Wednesday, February 22, 2012


How Factoring Works
Step 1: Send Invoice to a Factor – After you have completed your service or delivered your product to your customer, generate an invoice and send either the original or a copy to a factor.
Step 2: Verification & Approval – An account manager will review the invoice and any necessary documentation you submitted.  An account manager will also contact your customer to determine if the details of the invoice was agreed upon and to ensure that the service was provided or product was delivered.  Once your customer confirms these details, the invoice you submitted is approved and prepared for funding.
Step 3: Get Paid - Funding varies in how factors pay their clients.  Generally, factors can fund you in three ways: check delivered by standard mail, same-day wire transfer, or next-day direct deposit (option most businesses use).  Factor fees vary as well, but many companies can fund you as much as 95% of the value of the invoice you submitted.  Other fees may apply also depending on how you choose to get funded.

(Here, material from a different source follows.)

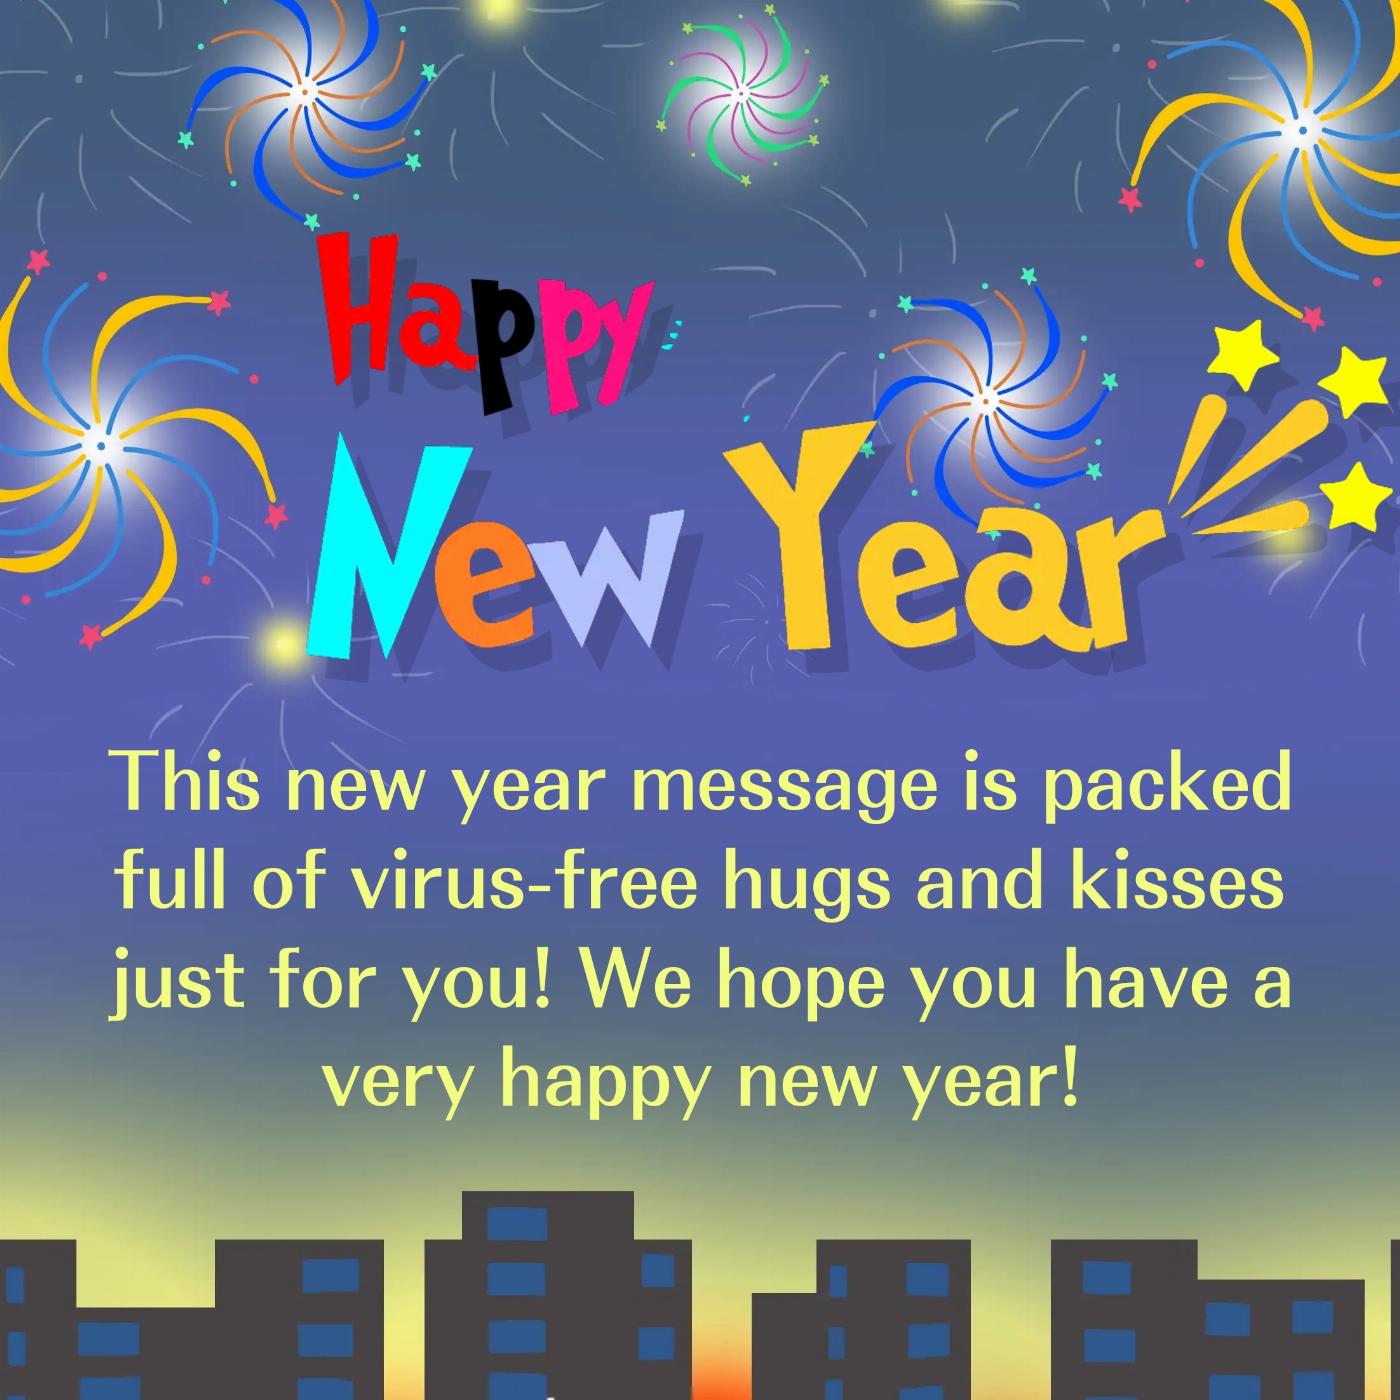 This new year message is packed full of virus-free hugs

Step 4: Factor Receives Payment – After your invoice has been approved and you have been funded, your customer is invoiced by the factor.  Factoring companies are NOT collection agencies, therefore, your customers will not receive multiple notifications by email, phone, or letters asking for payment.  A factor simply waits for payment to be sent by your customer.  And if you have a non-recourse agreement, the risk of non-payment lies with the factor.  This allows you to move on and focus on the next project or order.
Factoring helps you get paid faster regardless of when your customer actually pays you – past 30, 60 or even 90 days.  This helps you focus on ways to build your business rather than having difficulties chasing checks and not knowing when your customer will pay.